Infobase is pleased to announce that Facial Anomalies, a new title from Just Like You Films, was just added to Classroom Video On Demand—a perfect complement to one of 2017’s most anticipated movies, Wonder. (In fact, Facial Anomalies is being shown in conjunction with private screenings of Wonder at select AMC Theatres.) In Facial Anomalies: Just Like You, three boys and a girl are joined by their best friends. They tell their real-life stories, explaining what it’s like to live with facial paralysis, lymphangioma, and other conditions. Like the book and movie Wonder, the stars of the film show courage as they earn empathy and understanding.

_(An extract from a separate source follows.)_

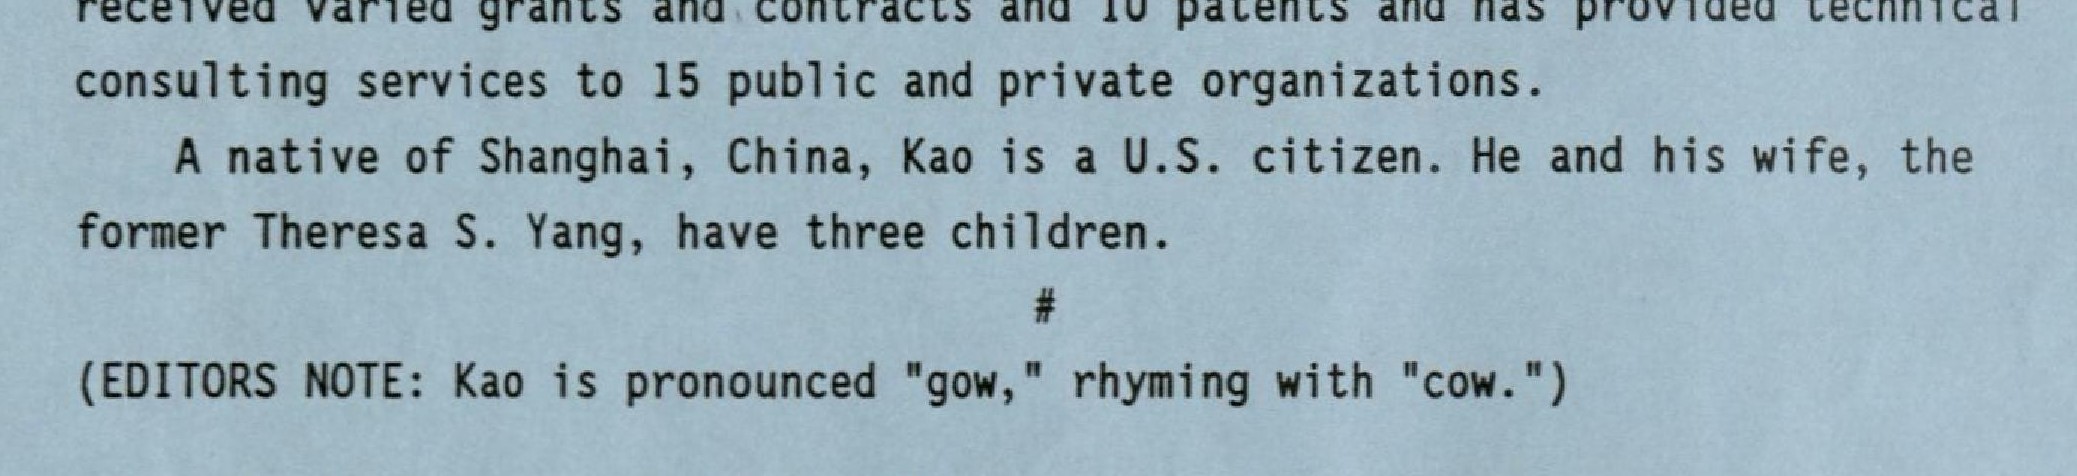 Excerpt from memo entitled "Regents Approve Kao As new ISU Engineering Dean." RS 11/1/16, Box 1, Folder 1. Text reads as follows: "recieved varied grants and contracts and 10 patents and has provided technical consulting services to 15 public and private organizations. A Native of Shanghai, China, kao is a U.S. citizen. He and his wife, the former Theresea S. Yang, have three children. (Editors Note: Kao is pronounced 'gow,' rhyming with 'cow.')."

Facial Anomalies: Just Like You calls upon our communities, our kids, and the world to learn, understand, and accept those living with facial anomalies. The kids, award-winning journalist Hannah Storm, and internationally renowned surgeons—Operation Smile founder Dr. Bill Magee, Dr. Teresa O, and Dr. Milton Waner—explain the conditions, treatments, and model of how to be a good friend to someone living with a facial anomaly. Facial Anomalies: Just Like You shares the perspective of courageous children living with facial anomalies who are not defined or limited by their conditions. Instead, they are “just like you.”

Other titles in the Just Like You Films series on the Classroom Video On Demand platform include Down Syndrome: Just Like YouCancer as Told by Three Children: Just Like You, Burns as Told by Three Children: Just Like You, and I Care for a Child Burn Survivor: Just Like You. Infobase is proud to carry this important content and to give Classroom Video On Demand subscribers convenient, streaming access to these films.

Just Like You Films is a nonprofit organization that creates films and materials that educate audiences about subjects including childhood cancer, burns, and Down syndrome, capturing real-life stories that reveal how we are more alike than we are different. This helps facilitate the physical and emotional healing of exceptional children by creating an environment of acceptance.